30 January, 2011

Robotics and design.

Property of the BBC

















What form would a robot take if designed by another robot?

I’m sure I’m not the first person to ask this question. I’ve always been keenly interested in design, it’s form and function. Function dictates design and from this comes the form. The simplest example is a spoon. It really requires no more evolutionary changes, and looks elegant; even being immortalized in pop culture: “There’s no spoon.”

I remember stumbling across a website that discussed the form and function of the camera. Cameras, as you know, are boxy, awkward, and often heavy. Whether it be a point and shoot or an actual 35 mm camera, they all contain that similar shape and dynamic of rectangularity. It served the purpose of holding and exposing the film roll.

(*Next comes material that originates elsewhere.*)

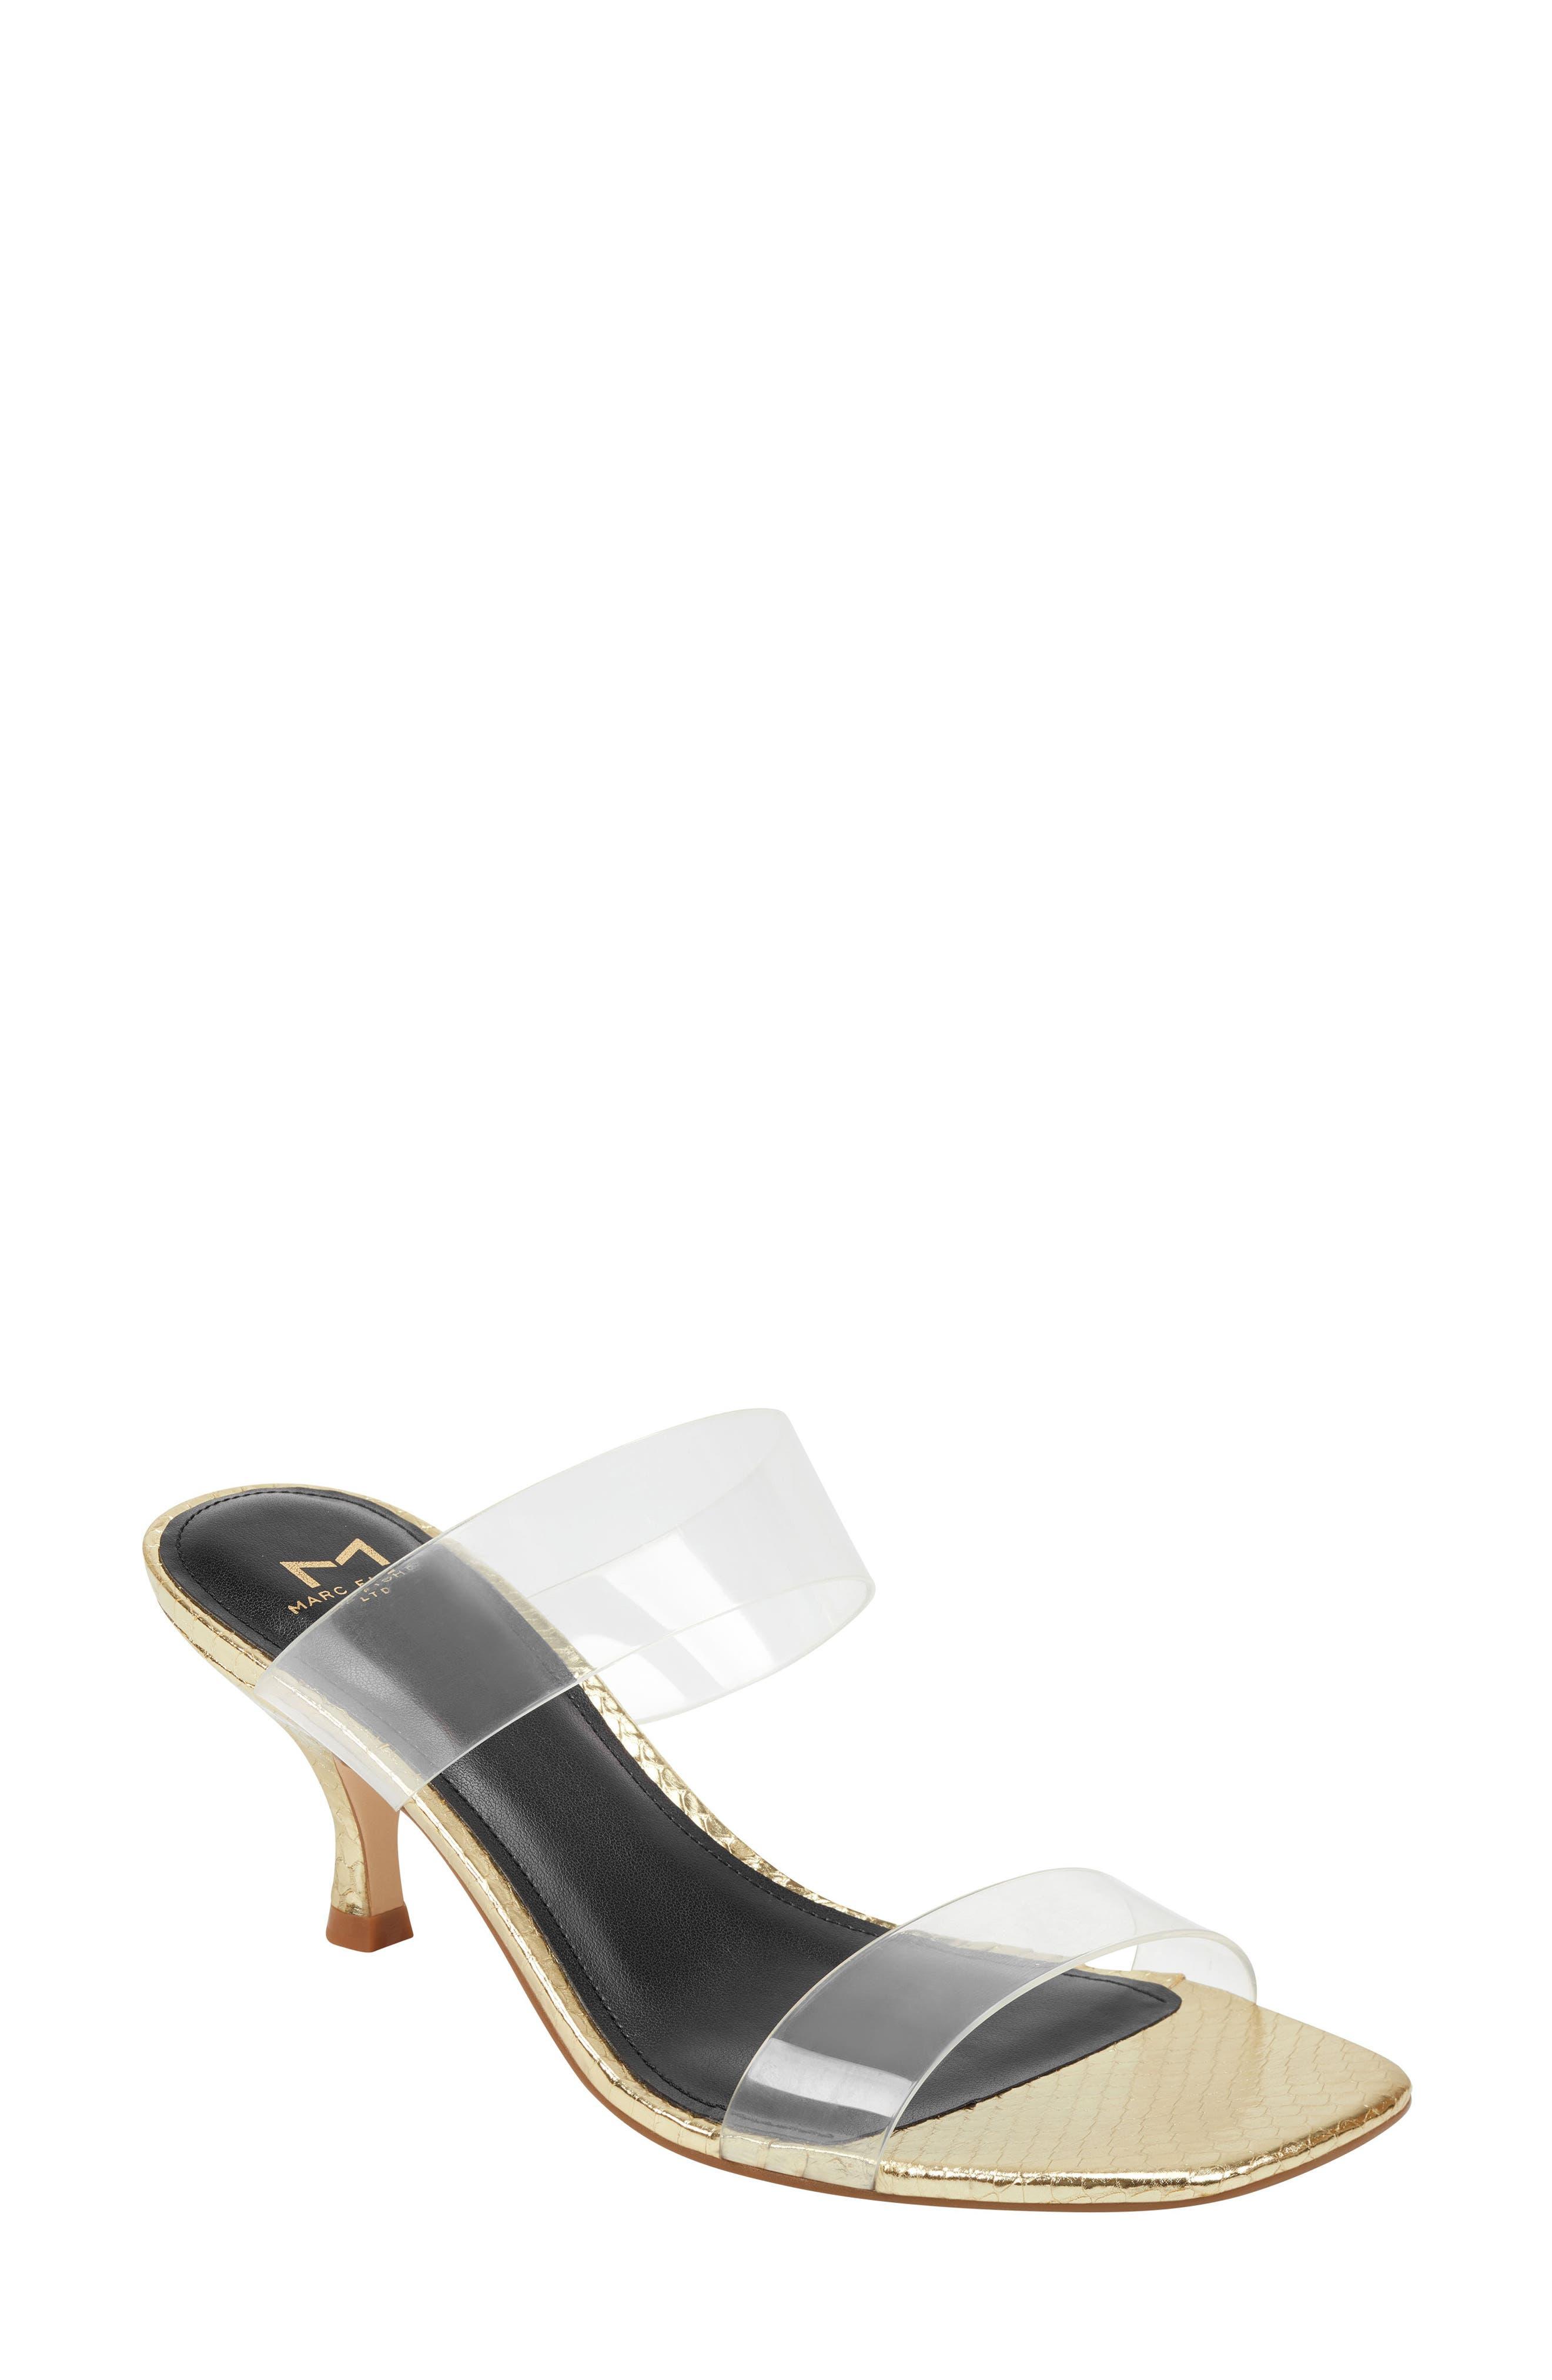 Women s Marc Fisher Ltd Guadia Sandal E5139
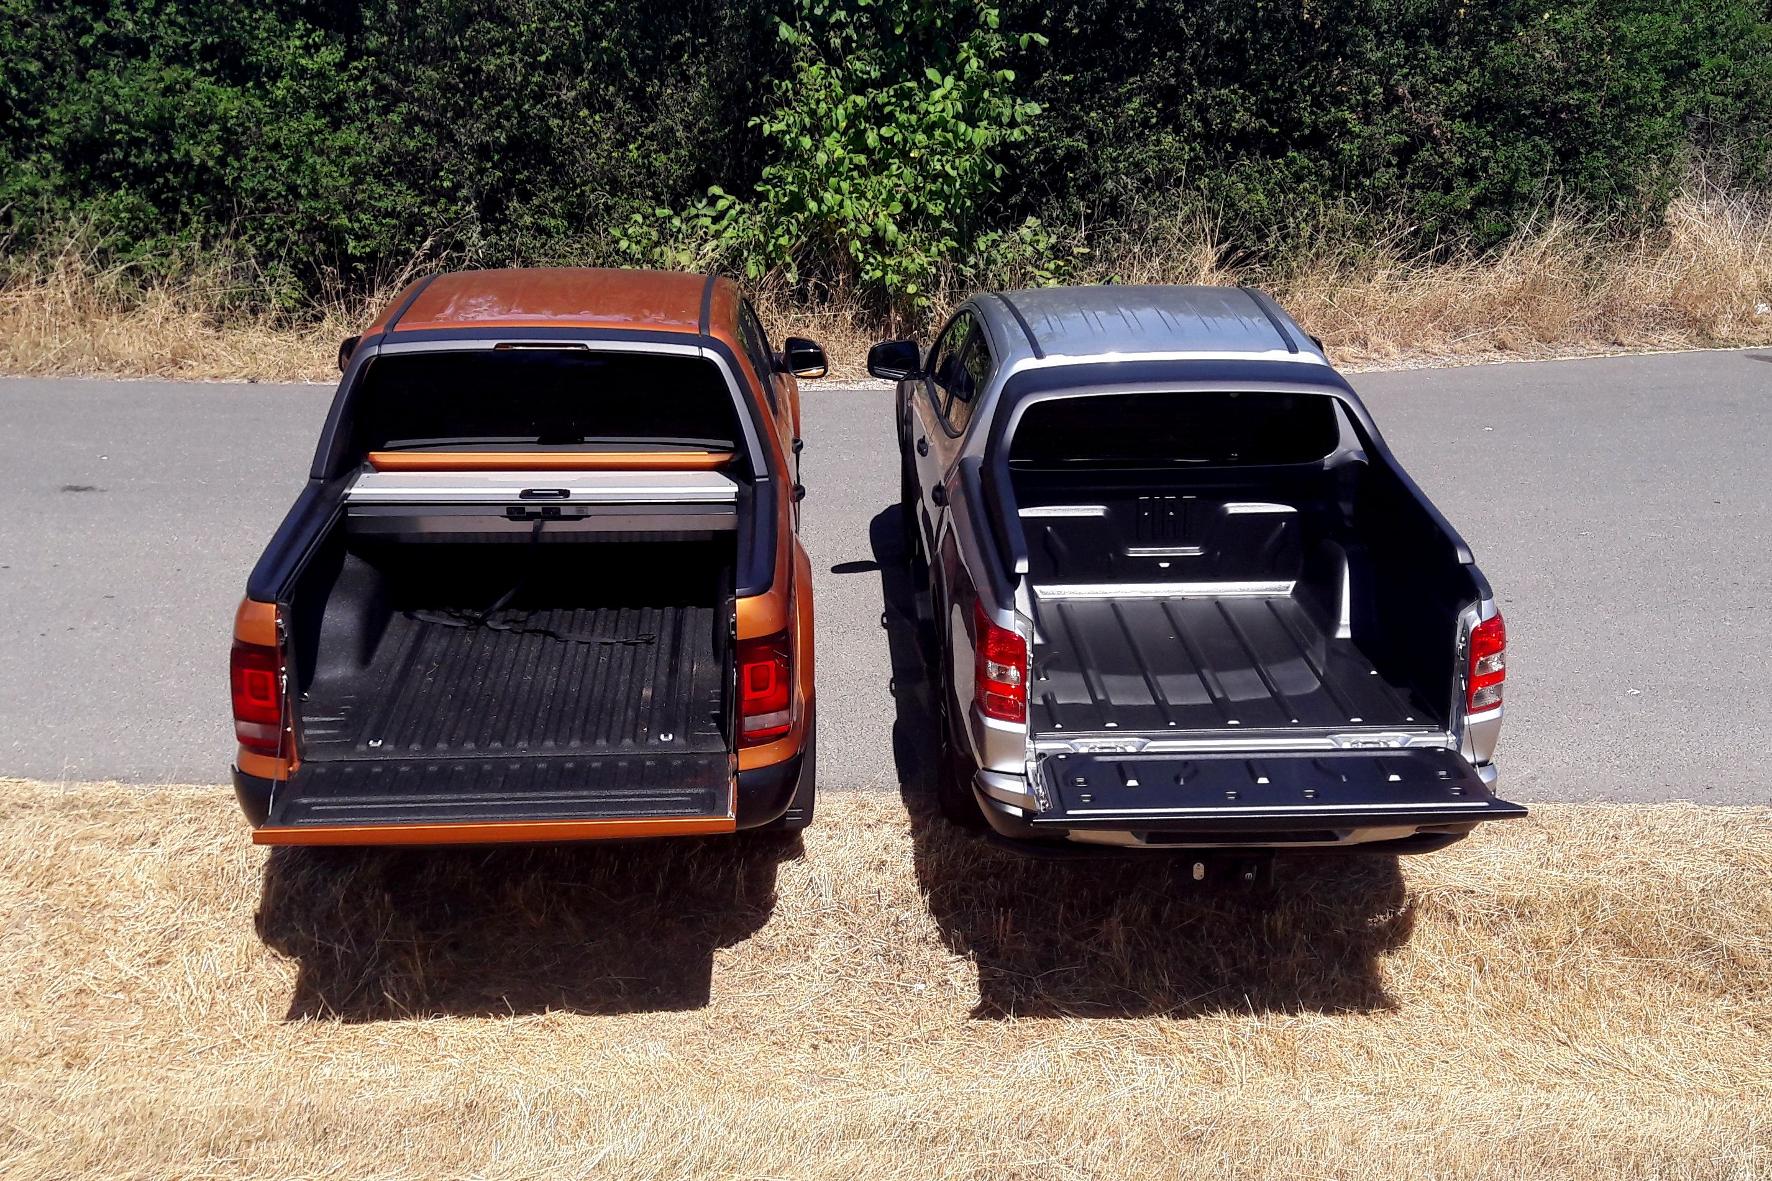 Die Ladefläche des Amarok (l., mit schickem Rollo) ist etwas geräumiger als die des Fullback. © Bianca Burger / mid /trdmobil

But now that film has been replaced, by an large, by digital media, is the same form factor still required; or is there a better shape: spherical, perhaps? Smarter men than I are no doubt hard at work finding that better shape.

Back to robots, then. That familiar design of the bipedal, anthropomorphic robot that mimics us everywhere. We see it all over pop culture, we make them dance, even tell jokes.

It’s mimicry that’s the best evolutionary tool. It’s how our culture survives. What fascinates me, then, is when robotics become as sophisticated as natural evolution what shape will be created? Will it follow along natural guidlines and appear like us, or as cockroaches, or something completely new? I hope what comes about is beyond our expectations and opens us up to a larger world of how to go about designing our universe.